In an article titled Natural-gas industry: Companies over-hyping wells, some experts say Investors banking on controversial drilling, that appeared in the Dispatch Sunday, June 26, and reprinted from The New York Times, experts express grave doubts. Energy executives, industry lawyers, state geologists and market analysts are skeptical about lofty forecasts and question whether companies are intentionally, and even illegally, overstating the productivity of the wells and the size of their reserves. Some are even comparing the frenzy to the dot com bust and fall of the housing bubble.
“Money is pouring in” from investors even though shale gas is “inherently unprofitable,” an analyst from PNC Wealth Management, an investment company, wrote to a contractor in a February email. “Reminds you of dot-coms.”
“The word in the world of independents is that the shale plays are just giant Ponzi schemes and the economics just do not work,” an analyst from IHS Drilling Data, an energy-research company, wrote in an email on Aug. 28, 2009. Company data for more than 10,000 wells in three major shale-gas formations raise further questions about the industry’s prospects. There is undoubtedly a vast amount of gas in the formations. The question remains how affordably it can be extracted.
Industry officials are also expressing environmental concerns. Referring to the fracking process which can require more than a million gallons of water per well, they are saying that if shale gas wells fade faster than expected, energy companies will have to drill more wells or hydrofrack them more often, resulting in more toxic waste.

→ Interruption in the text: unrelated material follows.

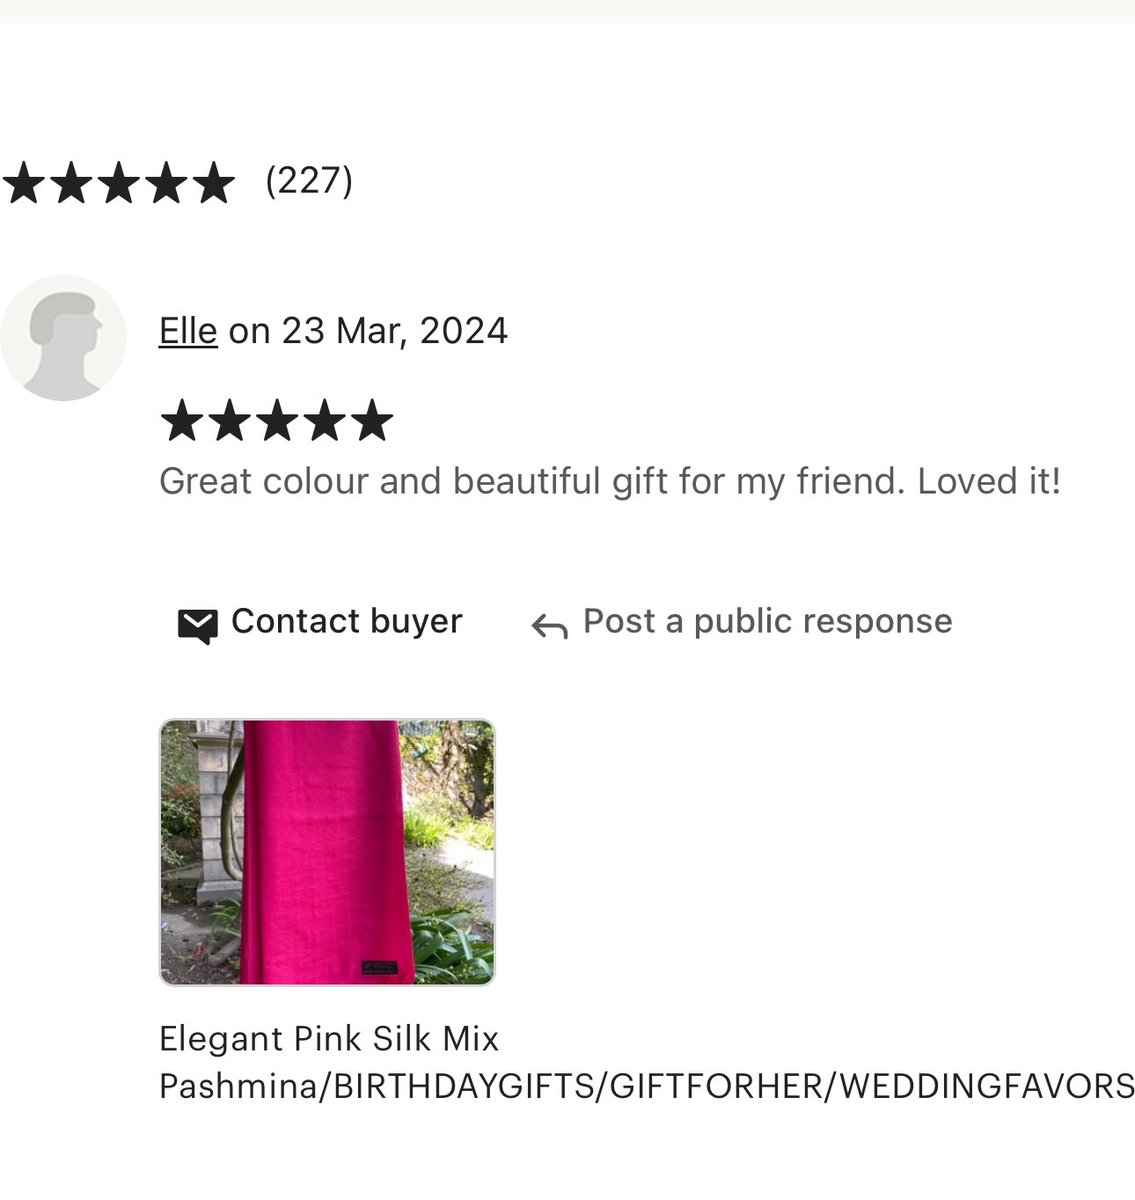 Thank you for the beautiful review! Silk mix pashmina! Silky soft and classically luxurious, this vibrant stole makes a perfect gift or a wonderfully indulgent treat for yourself! #gifts #SustainableFashion #EcoFriendly #ecogifts #silk #birthdaygift #pashmina #etsyhandmade

The information was provided in emails obtained through open-records requests or provided to The New York Times by industry consultants and analysts who say they think the public perception of shale gas does not match reality. Deborah Rogers, a member of the advisory committee of the Federal Reserve Bank of Dallas, remembers saying, “I think we have a big problem” when she first studied well data from shale companies in October 2009 after attending a speech by the chief executive of Chesapeake.
Her research showed that the math wasn’t adding up and the wells were petering out faster than expected. “These wells are depleting so quickly that the operators are in an expensive game of ‘catch-up,'” Rogers wrote in an email on Nov. 17, 2009, to a petroleum geologist in Houston, who wrote back that he agreed.
When the boom began in 2008 oil and gas companies were offering Fort Worth residents as much as $27,500 per acre for signing leases. By late 2008 the recession began and natural gas prices plunged by nearly two-thirds, throwing the drilling companies’ business models into a tailspin. Some company engineers were projecting a well life span to be 20 to 30 years but some federal energy analysts were doubtful based on the wells’ performances.
Given the many hazards and uncertainties surrounding retrieval of natural gas, I once again plead for caution. The fact that many industry insiders and experts are questioning the financial feasibility should make us question the road we are on—it is not too late for a course correction. We do not want to rape, pillage, and plunder our state when there is so much to lose.